> [What to work on]: Give again, unaltered, the line with "Fiesta Fan District" and all lines that follow it in the listing below, minus any pictures.

> [Supplied data]:
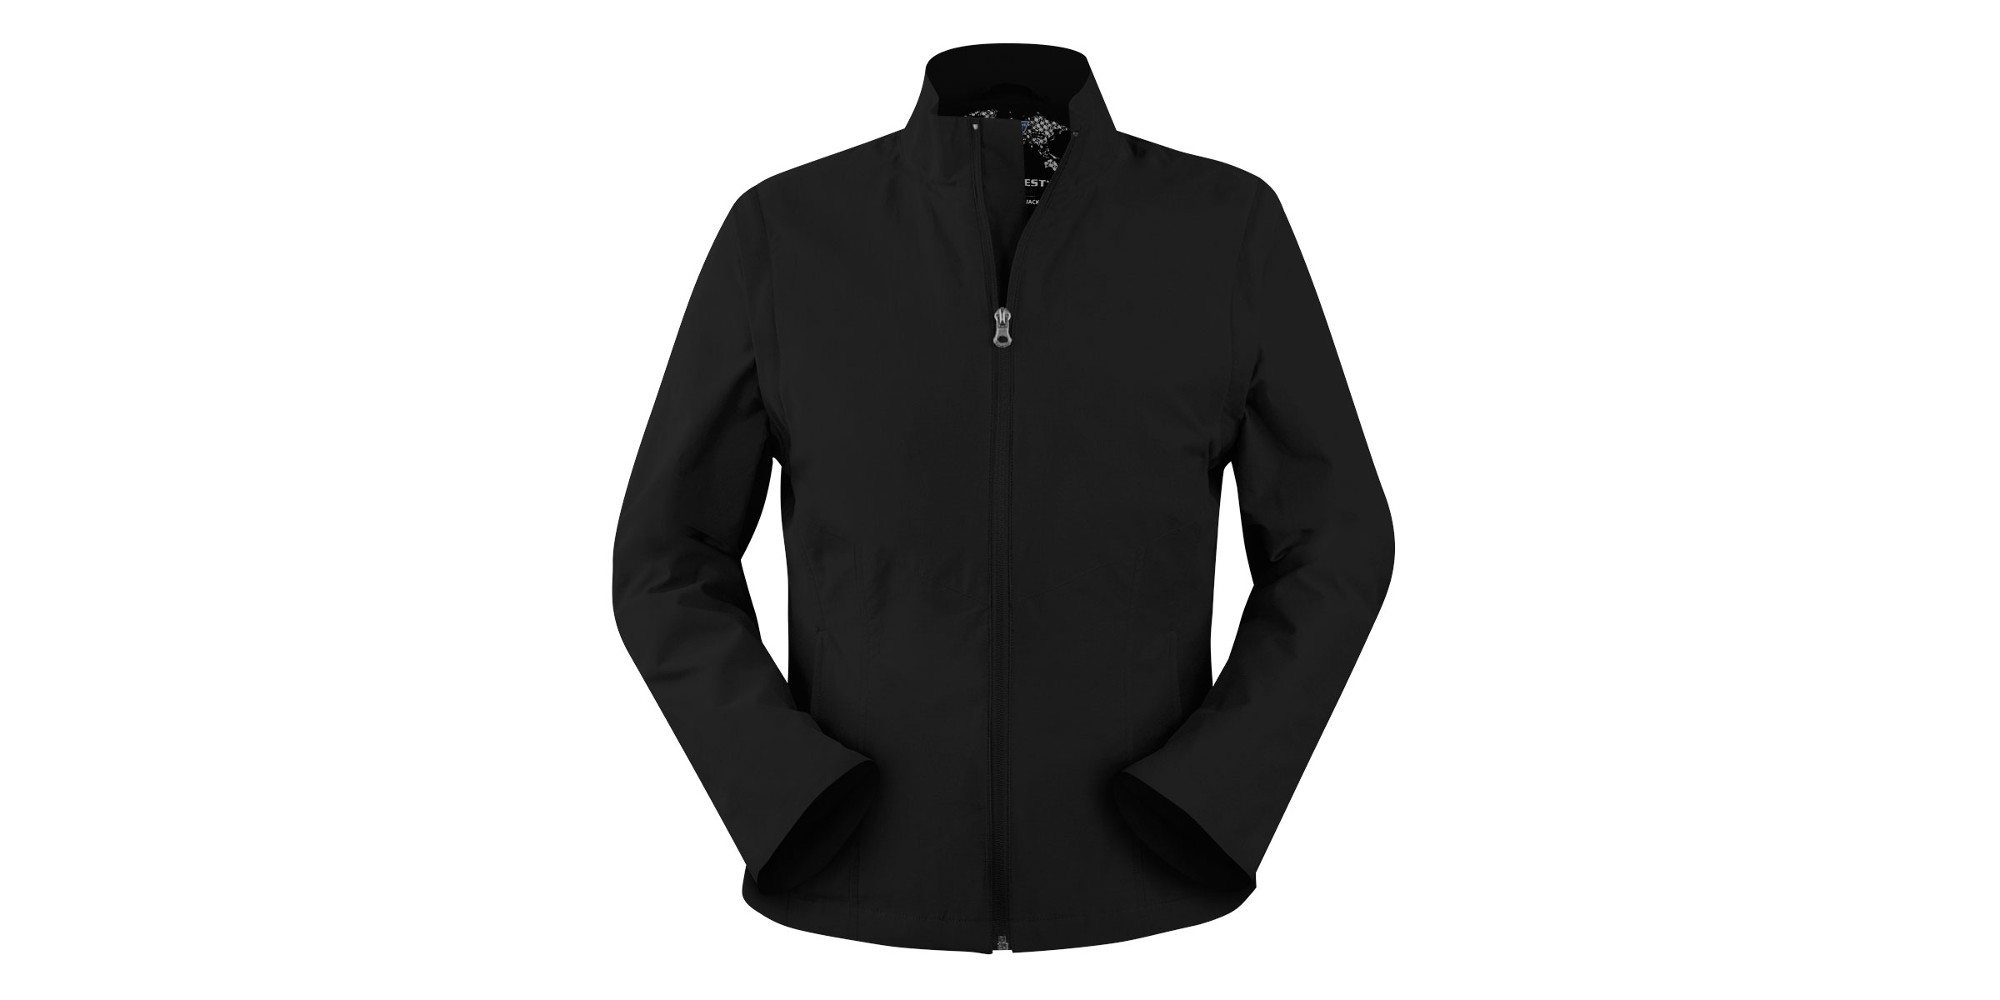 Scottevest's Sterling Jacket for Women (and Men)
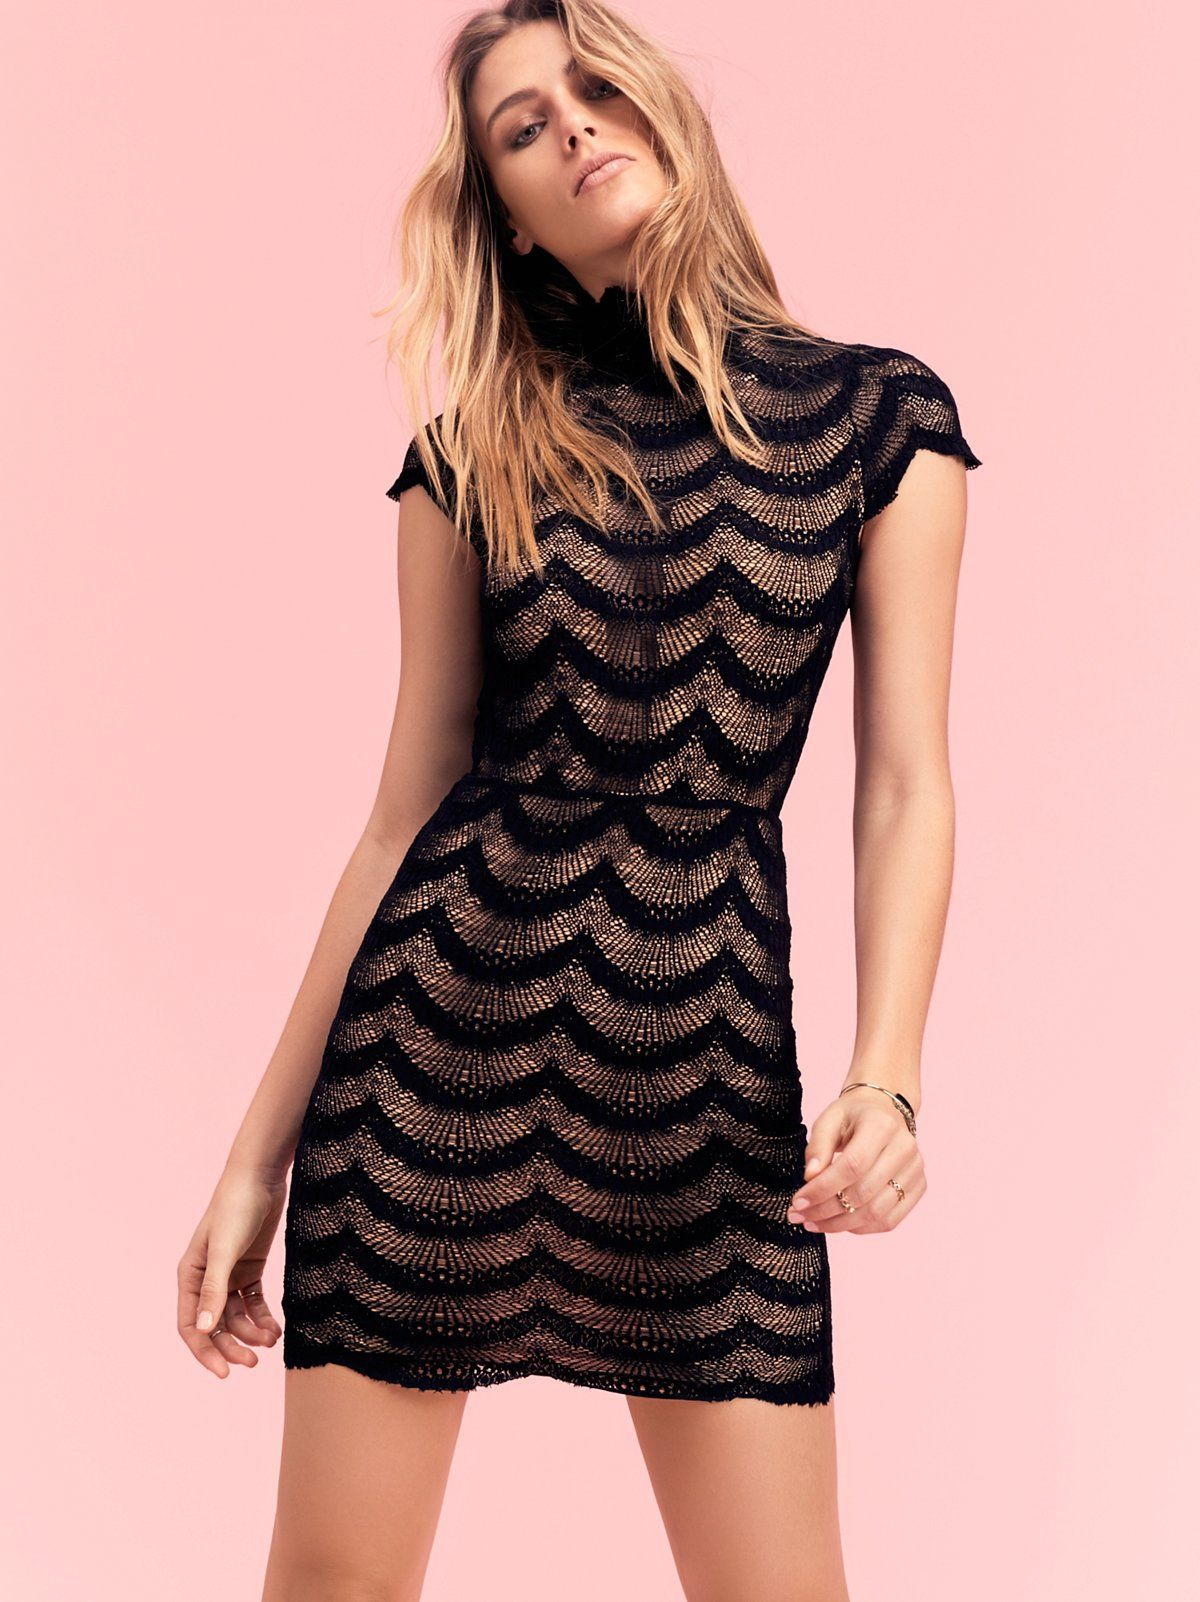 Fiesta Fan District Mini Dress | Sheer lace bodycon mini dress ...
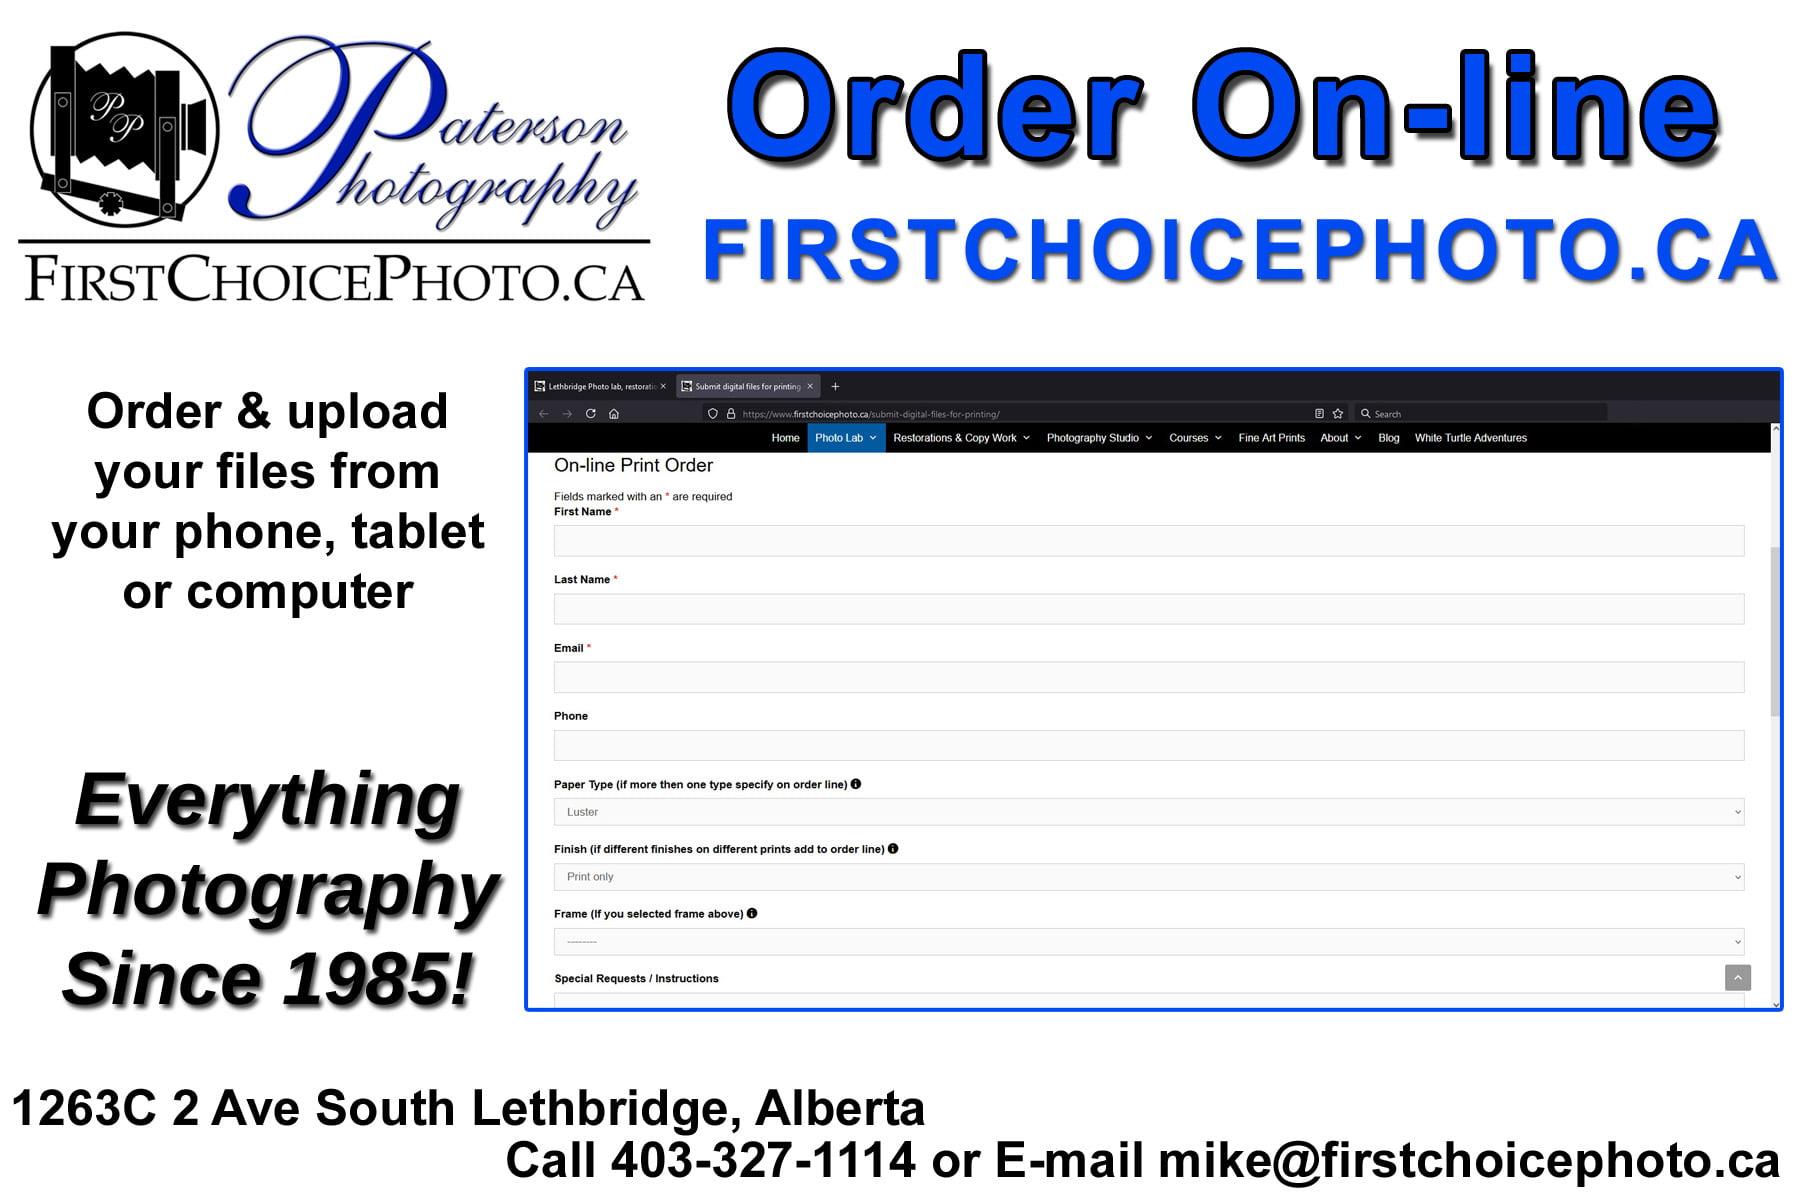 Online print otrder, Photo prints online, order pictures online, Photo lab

> [Your solution]:
 Fiesta Fan District Mini Dress | Sheer lace bodycon mini dress ...
 Online print otrder, Photo prints online, order pictures online, Photo lab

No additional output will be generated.